On Sat, 07 Aug 2004 22:23:20 -0600, GerryG <[email protected]>
wrote:

>I suspect you're right on that Dave. I can't see why else one would thin tung
>oil with up to 80% thinner. However, if you check the typical cure time for
>tung oil, I think you find it feels dry long before polymerization is
>complete.
>GerryG
>
>On 6 Aug 2004 12:04:03 -0700, [email protected] (YesMaam27577) wrote:
>
>>Which solvent/thinner should I use to thin tung oil.
>>
>>
>>It seems that you are expecting (if I'm wrong, sorry) a thinner to
>>speed the drying process for an oil finish. None will.
>>
>>When the thinner has evaporated, the tung oil still needs time to
>>polymerize in the wood. Only when the polymerization is complete will
>>the wood feel dry. The use of thinners does not speed the chemical
>>reaction. If you want to spped the reaction, you need some Japan
>>drier, or another of the heavy metal additives.
>


That's *mostly* true. oxygen is involved in the polymerization, and a
thinner layer of oil will cure faster. more solvent will allow you to
apply the oil in a thinner layer. mostly, though the solvent is to
allow the oil to penetrate more deeply into the wood.

Gg

GerryG

in reply to [email protected] (paul) on 06/08/2004 7:04 AM

08/08/2004 8:29 PM

Well, I "mostly" agree with your mostly (Hey, that's not too bad). Yes, a
thinner layer of anything will cure faster. As for the deeper (maybe)
penetration with more solvent, and why you might think you want to try that,
I'll defer to the wreck archives.

IMHO the only reason to add thinner to tung or linseed is to make application
easier.
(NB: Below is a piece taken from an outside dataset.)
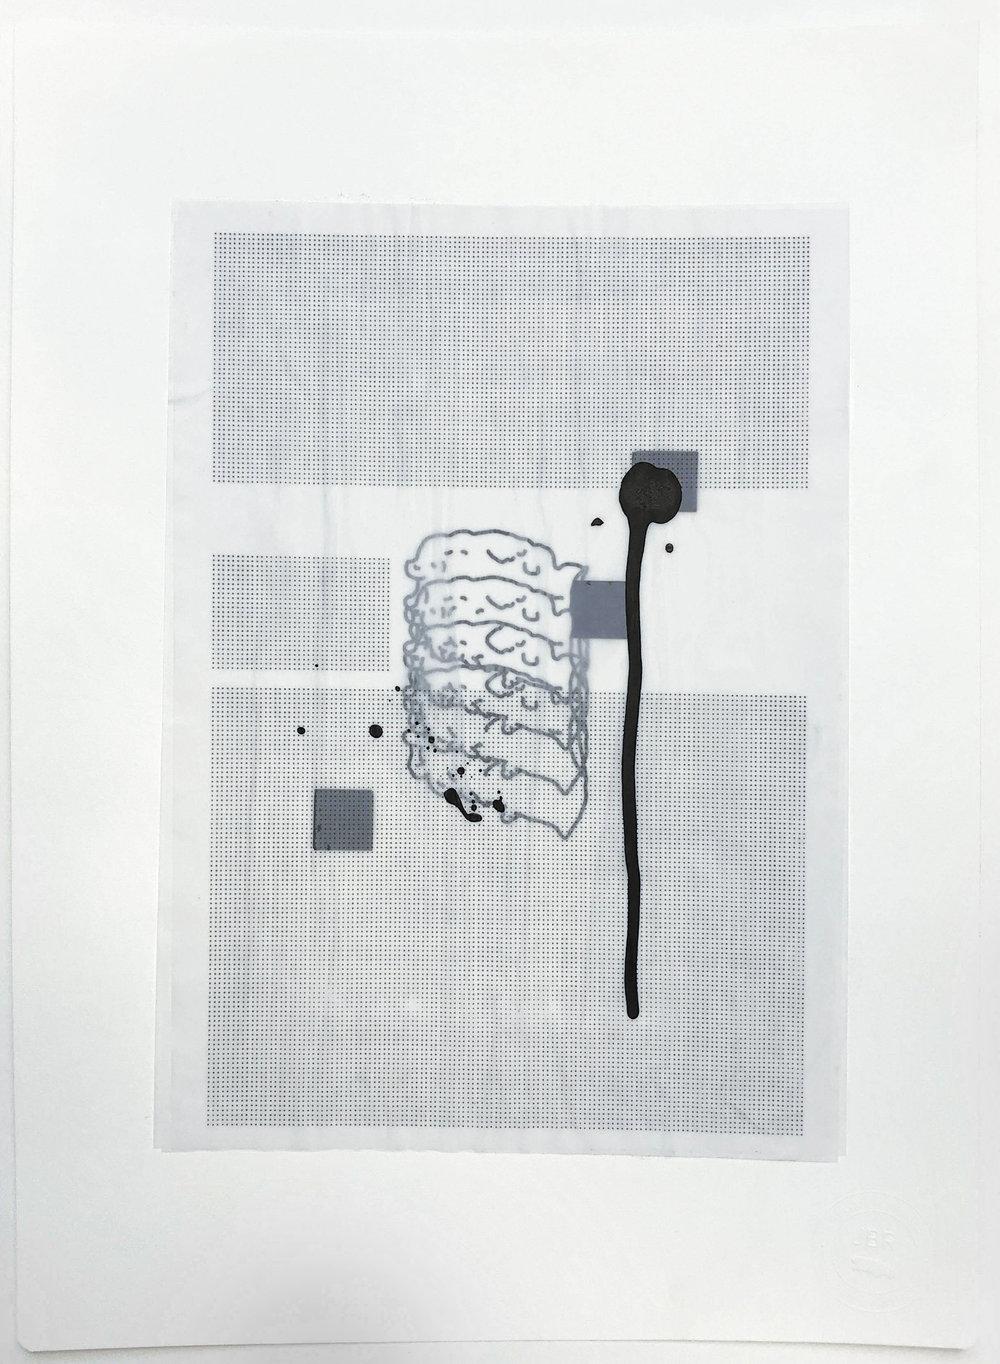 %22Creciente%22- Técnica mixta  - 42 x 30 cm - Julián Brangold - 2018.jpg

From long ago discussions on this, I instead warm the oil to 120F.
GerryG

On Sat, 07 Aug 2004 22:37:59 -0700, [email protected] wrote:

>On Sat, 07 Aug 2004 22:23:20 -0600, GerryG <[email protected]>
>wrote:
>
>>I suspect you're right on that Dave. I can't see why else one would thin tung
>>oil with up to 80% thinner. However, if you check the typical cure time for
>>tung oil, I think you find it feels dry long before polymerization is
>>complete.
>>GerryG
>>
>>On 6 Aug 2004 12:04:03 -0700, [email protected] (YesMaam27577) wrote:
>>
>>>Which solvent/thinner should I use to thin tung oil.
>>>
>>>
>>>It seems that you are expecting (if I'm wrong, sorry) a thinner to
>>>speed the drying process for an oil finish. None will.
>>>
>>>When the thinner has evaporated, the tung oil still needs time to
>>>polymerize in the wood. Only when the polymerization is complete will
>>>the wood feel dry. The use of thinners does not speed the chemical
>>>reaction. If you want to spped the reaction, you need some Japan
>>>drier, or another of the heavy metal additives.
>>
>
>
>That's *mostly* true. oxygen is involved in the polymerization, and a
>thinner layer of oil will cure faster. more solvent will allow you to
>apply the oil in a thinner layer. mostly, though the solvent is to
>allow the oil to penetrate more deeply into the wood.